At the age of 15, when the story begins, Adriana lives with her mother in Rome. Her mother, who is embittered that her husband is gone*2 and she, a poor seamstress, is left to raise the girl on her own. Her one dream, since Adrian is extremely beautiful, is that her daughter will induce a rich man to fall in love with her and marry her. To this end, she is not averse to, well, pimping her out if necessary; certainly taking every opportunity to push her towards men with money. As it turns out, Adriana finds she enjoys sex and, since she is often given money by these men, she decides she can make a more money by doing this explicitly full time.

She does meet influential men who fall in love with her but they are not interested in marriage, they only want a mistress. She does learn from this experience that she can also use them for her own ends. She meets people of her own age who become friends; she meets fascists and antifascists and even a murderer who falls in love with her. Eventually she, herself, falls desperately in love with a young student. He is a writer and an anti-fascist campaigner, but he turns out to be a nightmare! The way that Adriana describes him to us, he has all the hallmarks of an alcoholic and a manic depressive*3.
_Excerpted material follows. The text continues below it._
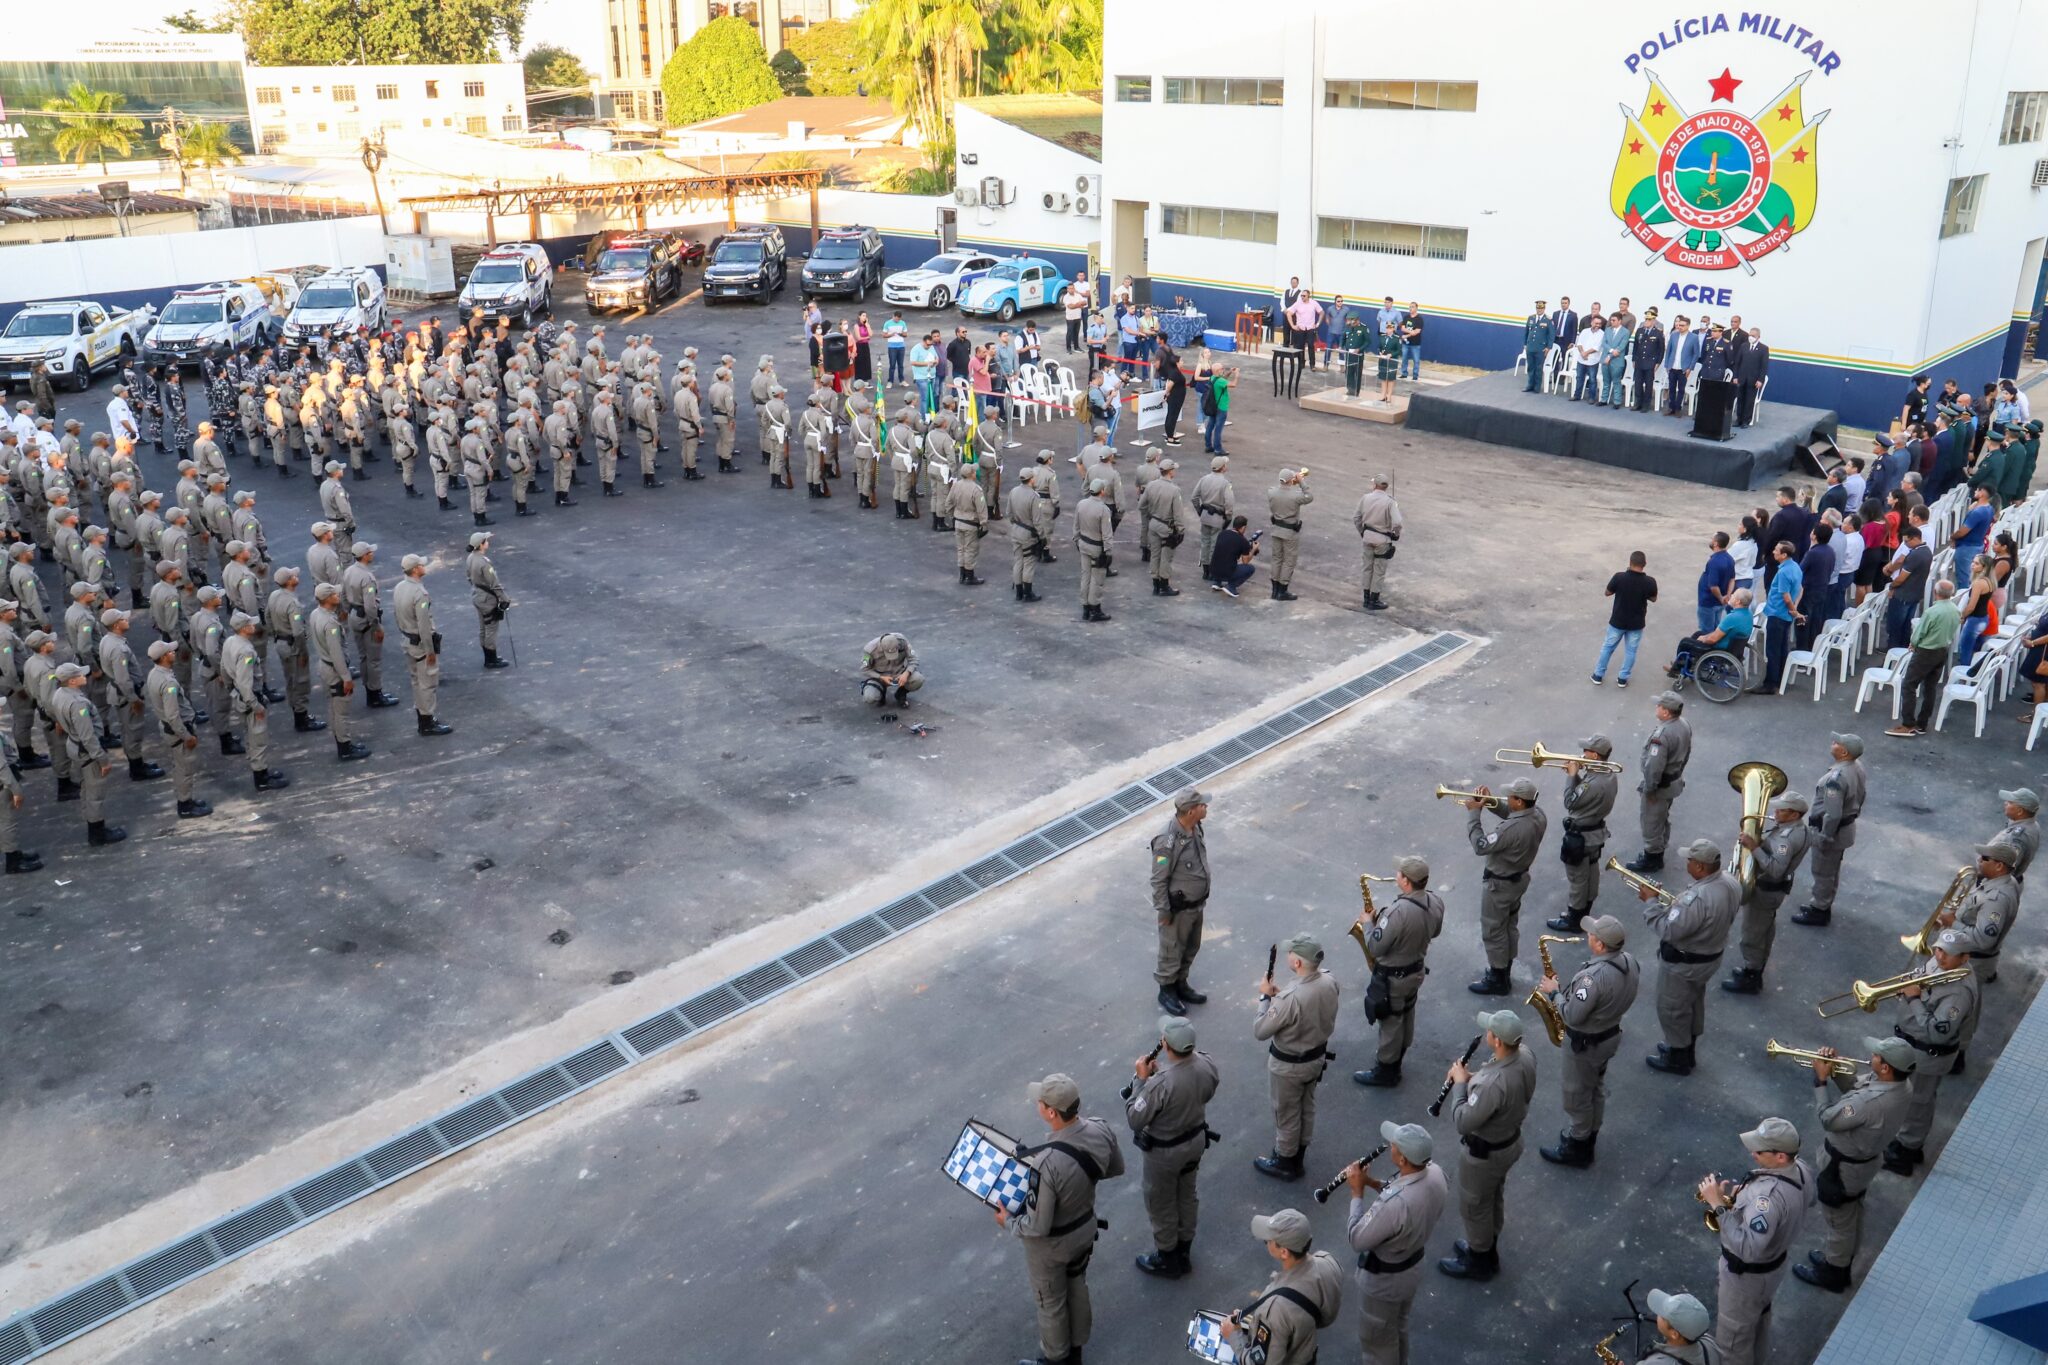 Nos últimos três anos e meio, governo do Acre tem feito grandes investimentos na Polícia Militar. Foto: Marcos Vicentti/Secom

It is a very impressive novel that captures the spirit of the times. Moravia was an established author by this time. Several of his novels have been turned into films including, most notably, ‘The conformist’ which was published in the same year as La Romana, directed by Bernardo Bertolucci in 1970. 

*1. This seems an unusually feminist piece of writing for a man of this time. Only a small number of Moravia’s books are still available to buy.

*2. I can’t remember whether he dies in the war or abandons her for someone else. Her bitterness and cynicism, though, is part of her character as well.

*3. I won’t tell you the ending: it will only make you more depressed.